US Army Purchases 5 Linux Supercomputers for TI-06 Upgrades
The ability to use open-source operating systems like Linux with “clusters” of computing hardware that include many commodity components has really changed the supercomputing landscape. Complex physics-based problems that are three dimensional and time-dependent are especially difficult, and benefit greatly from the additional computing power per dollar that’s rapidly becoming available. This has had a significant impact in sectors like movies and TV, energy, and pharmaceuticals – not to mention the defense industry.
The DoD’s High Performance Computing Modernization Program (HPCMP) recently placed an order with Linux Networx for 5 supercomputers as part of the Technology Insertion 2006 (TI-06) initiative. They are part of a broader effort to modernize the US DoD’s computing capabilities, by providing the supercomputer services, high-speed network communications, and expertise for U.S. Defense laboratories. The recipients, and the type and capabilities of the systems they received, are detailed below:
The US Army Research Laboratory’s Major Shared Resource Center (ARL-MSRC) hosted the first large computer (ENIAC) in 1946, and sits at Aberdeen Proving Ground in Hartford County, MD. They received 4 of the supercomputers: 3 of Linux Networx high-end Advanced Technology Clusters (ATC) and a mid-tier LS-1. The most powerful ATC is expected to be ranked in the top 20 of the world’s most powerful computer systems, and the procurement increases the Major Shared Resource Center’s computing capability from 36 trillion floating-point operations (teraflops/ TFLOPS) to over 80 TFLOPS, making it one of the largest computing centers in the US Department of Defense. See corporate release.
Dugway Proving Ground in Utah received the remaining system, also a mid-tier LS-1 system. The Department of Defense has designated Dugway as the primary chemical and biological defense testing center under the Reliance Program. Testers here determine the reliability and survivability of all types of military equipment in a chemical or biological environment.
While the ARL-MSRC isn’t disclosing the purchase price, Computerworld reports that IDC analyst Earl Joseph places the average cost for a cluster at about $2,000 per processor compared with $12,000 per processor for a traditional RISC-based, symmetric multiprocessing shared-memory systems. Of the total $9.1 billion high-performance computing market last year, IDC believes that clusters accounted for about half of the sales.

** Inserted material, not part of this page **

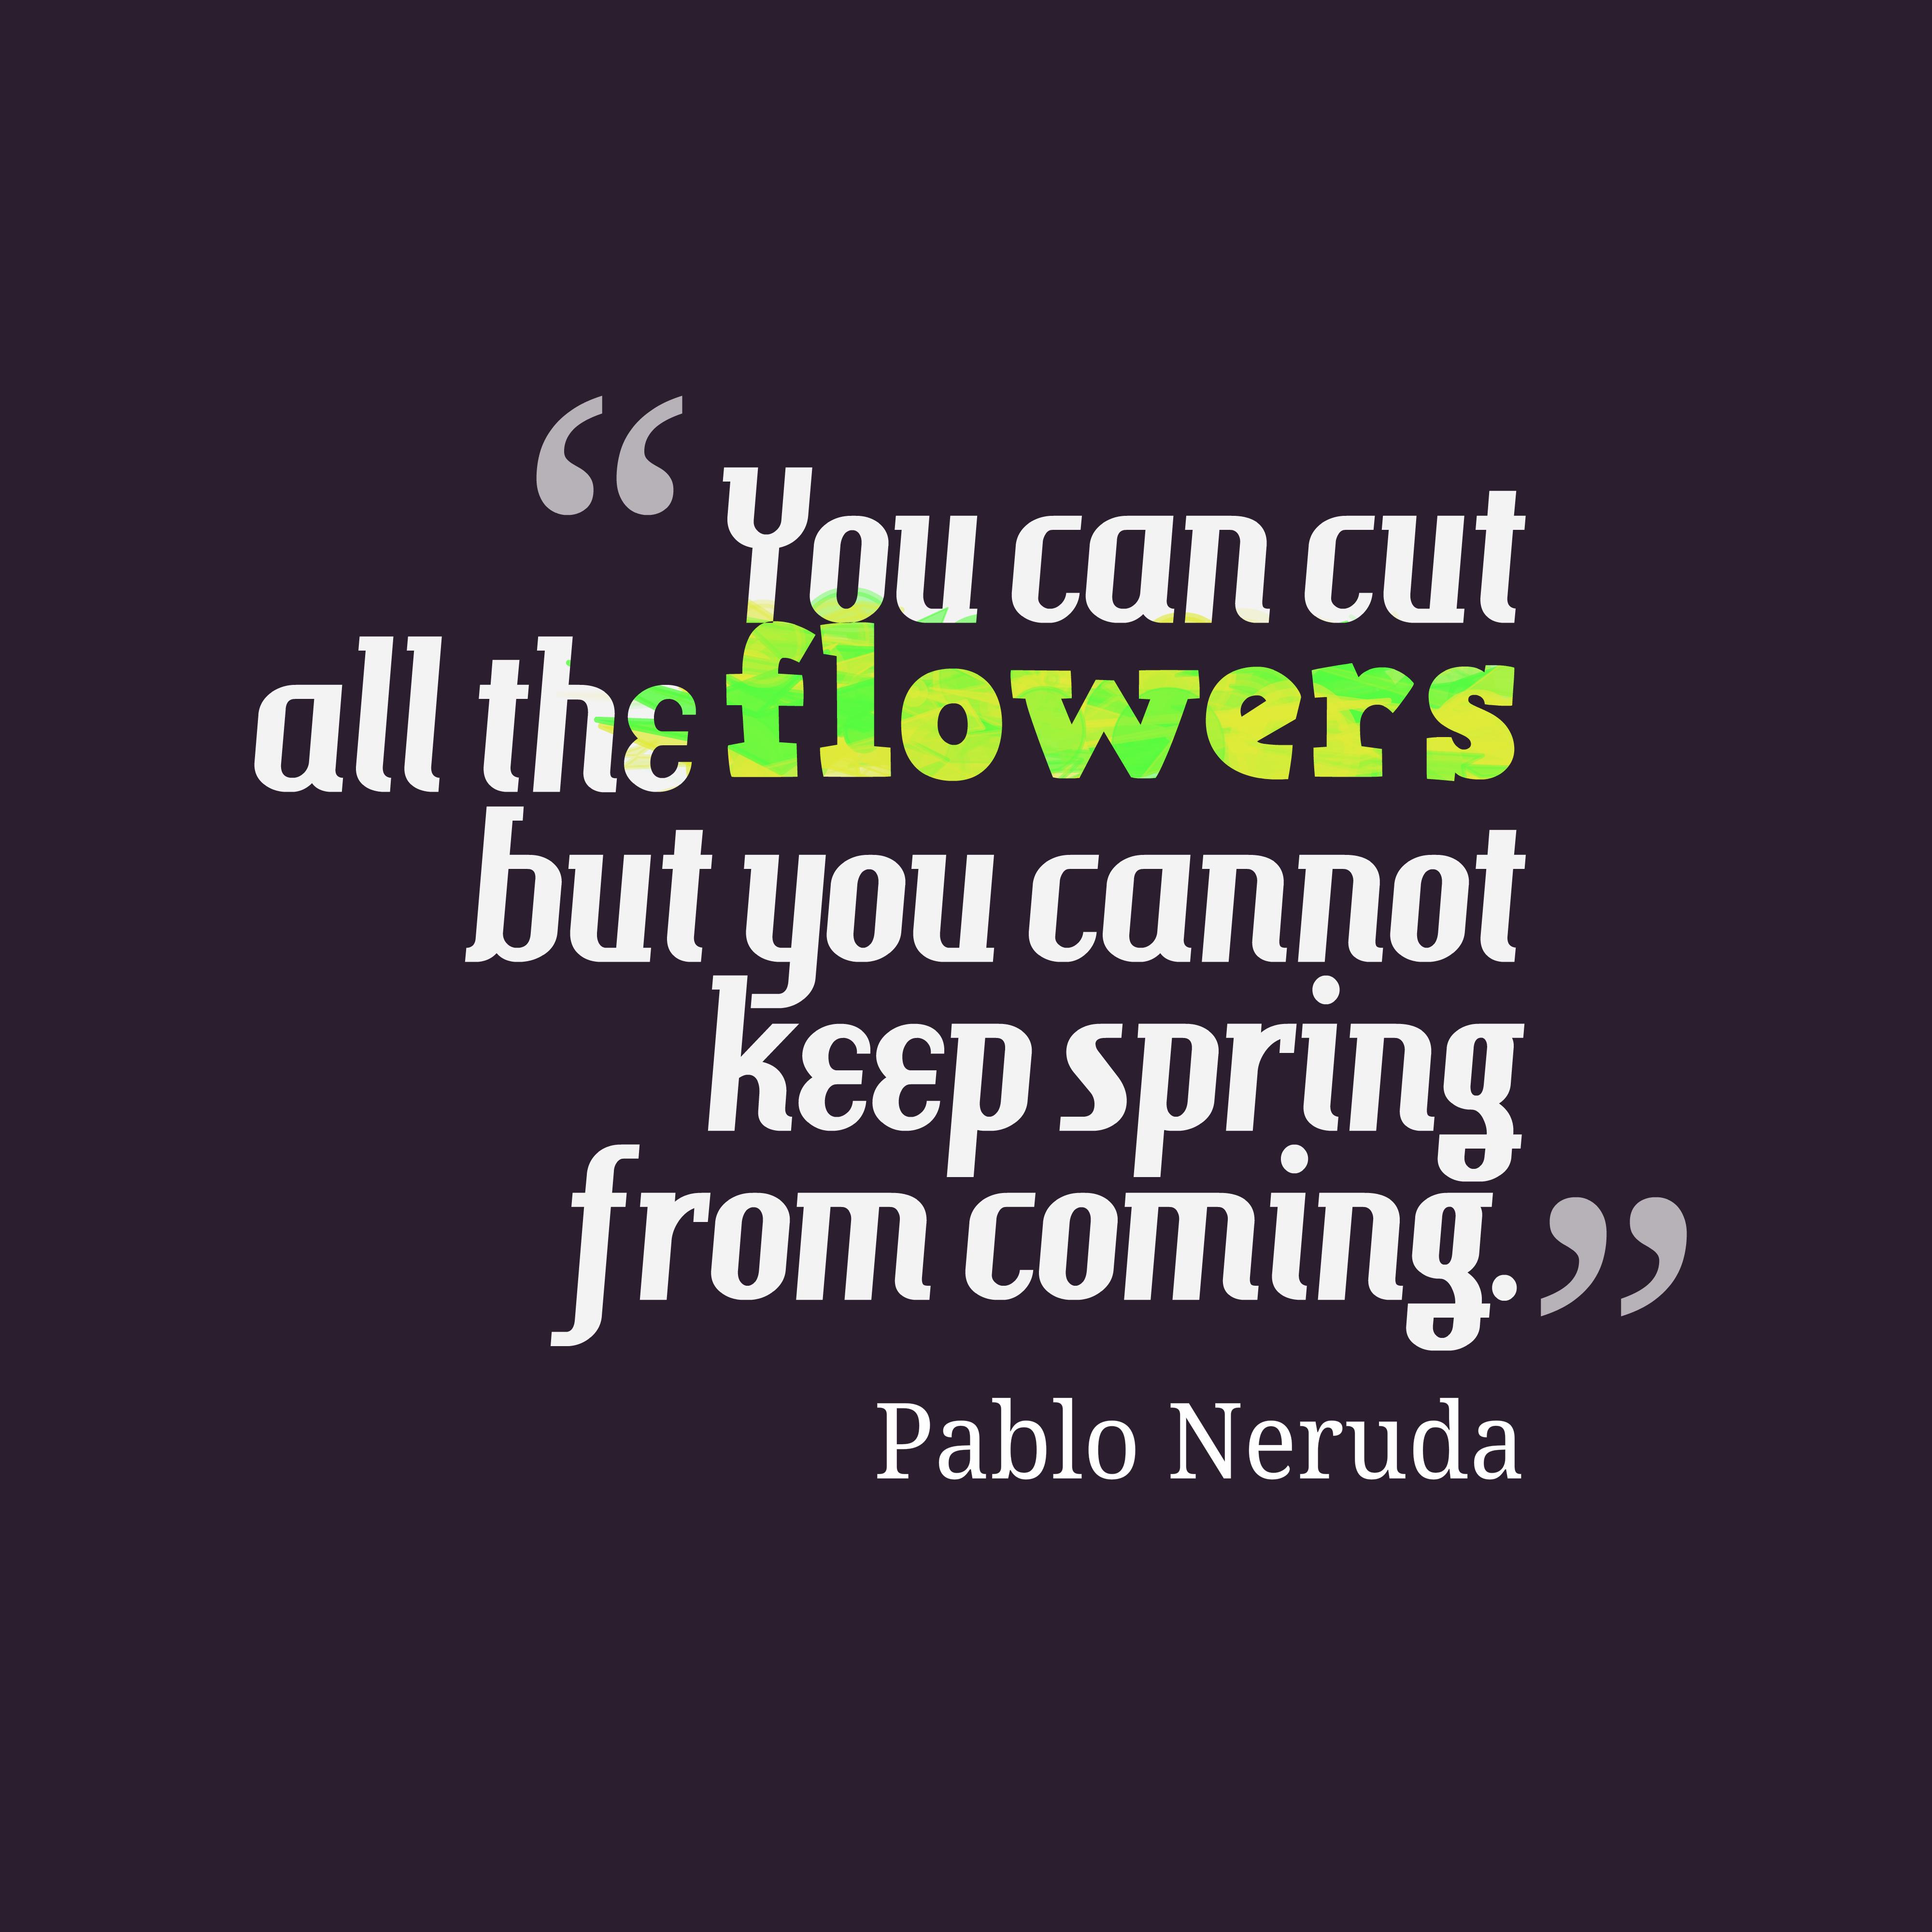 Pablo Neruda Quote About Gardening

Unsurprisingly, The Linux Supercomputing Company recently announced record orders and growth in 2005. The company achieved three consecutive quarters of record growth in orders in Q2, Q3 and Q4, and finished the year with a bookings backlog that increased 300% over 2004. During 2005, one of every three Linux Networx supercomputing systems was sold to a new customer, expanding the company’s customer base to over 165 leading supercomputing customers. New customers during 2005 included Audi, BMW, Caterpillar, DaimlerChrysler, EADS Eurocopter, Glaxo SmithKline, Harley-Davidson, Magna Intier and Magna Seating, Motorola, and Thomson Industries.

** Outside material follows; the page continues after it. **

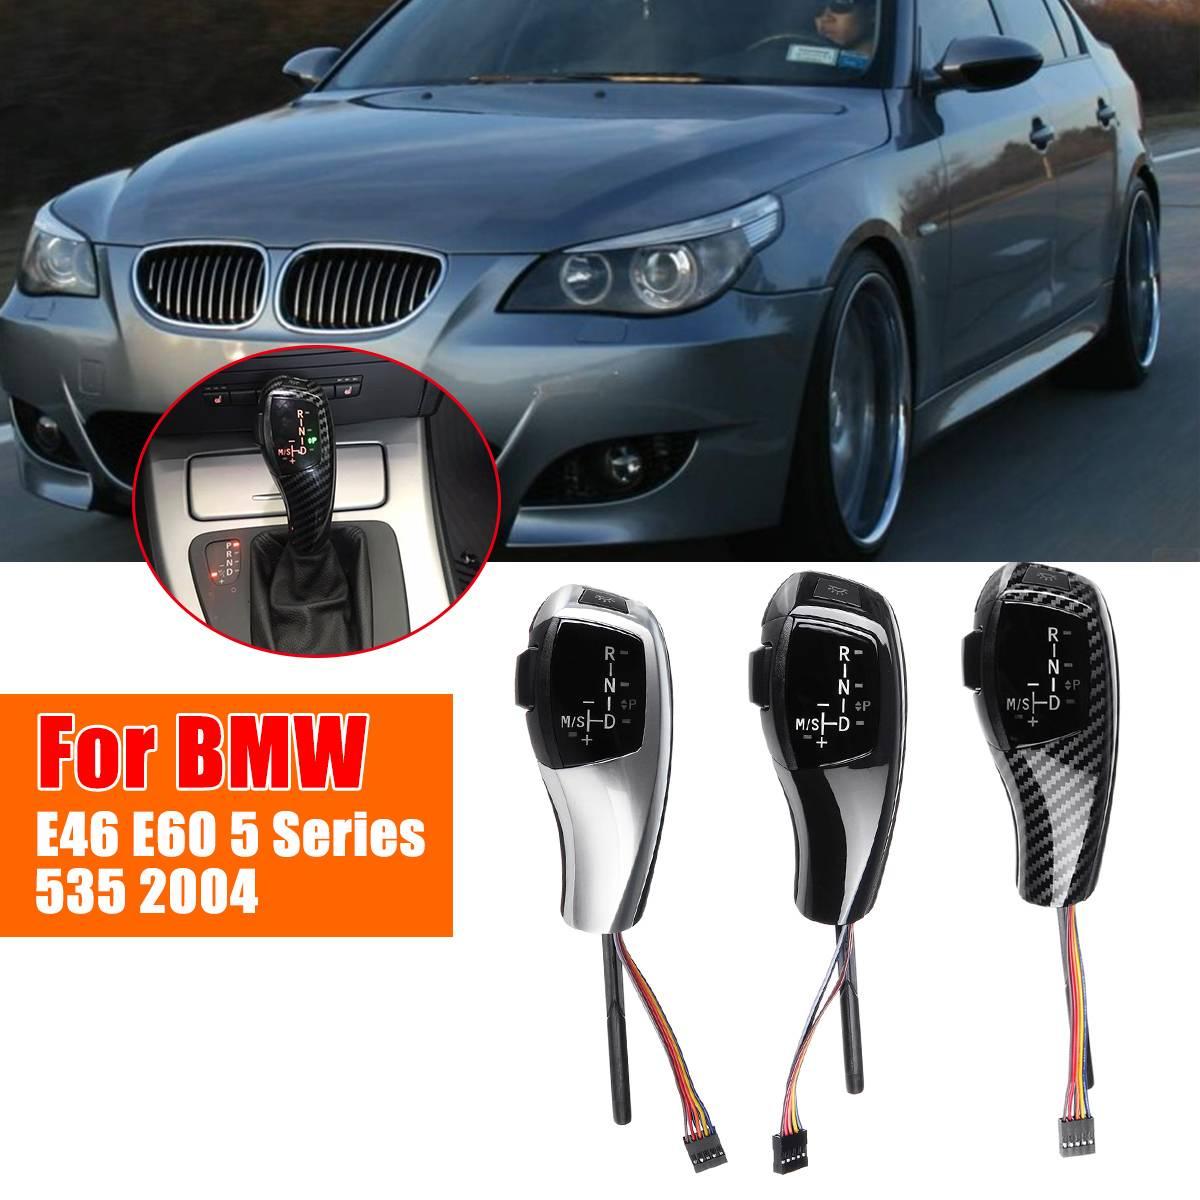 LED levier de levier de vitesse manuel 83mm bouton automatique pour BMW E39 E46 E53 E60 E61 5 série X3 E83 LCI berline coupé

Geek Sidebar: System Details
The largest ATC system in this order is expected to be ranked in the top 20 of the world’s most powerful computer systems, increasing the Army Research Laboratory’s computational capability by more than 28.7 TFLOPs. It is a 1,122-node supercomputer with 4,488 mid-voltage 3.2 GHz Intel Dempsey cores to do the computing. The system will also have 112 more 3.46 GHz cores (28 nodes) for log-in, storage and administration, with 9.4 TB (9,400 GB) of memory and 260 TB of raw disk space. All nodes will communicate via a 4X DDR (20 Gbps) Infiniband network with 10 Gigabit Ethernet uplink capability. The 3.2 GHz mid voltage cores were selected for the compute nodes due to their thermal efficiency – i.e. their tendency not to overheat when you pack 4,600 of them into a small area.
Note that $4,600 x IDC’s $2,000/core estimate = $9.2 million.
A second ATC system may also crack the top 20, at least for a little while. This 842-node ATC will use 3,368 mid-voltage 3.2 GHz Intel Dempsey cores for computation, increasing ARL-MSRC’s computational capability by more than 21.5 TFLOPS.
Compare these two systems with DID’s March 2005 coverage of the USAF’s “Eagle” supercomputer at Wright-Patterson AFB, OH – a 2,048 processor SGI Altix system that offers 11.636 TFLOPS, purchased as part of the TI-05 initiative.
The third ATC system is merely a 68-core test and development system with 7 TB of disks. It will be delivered in advance of the other two systems, and probably still packs more GB in its RAM than you and two buddies have available on all of your hard drives, combined.
The mid-tier LS-1 systems at ARL-MSRC and Dugway use AMD Opteron 200 family cores; and can be fitted for up to 128 nodes/ 512 cores with up to 19.2 GFLOPS theoretical peak performance per node, if using the AMD Opteron 280 Dual Core. While this gives current LS-1 systems a theoretical maximum of 2.457 TFLOPS, in real-world operation the performance limit would be considerably lower.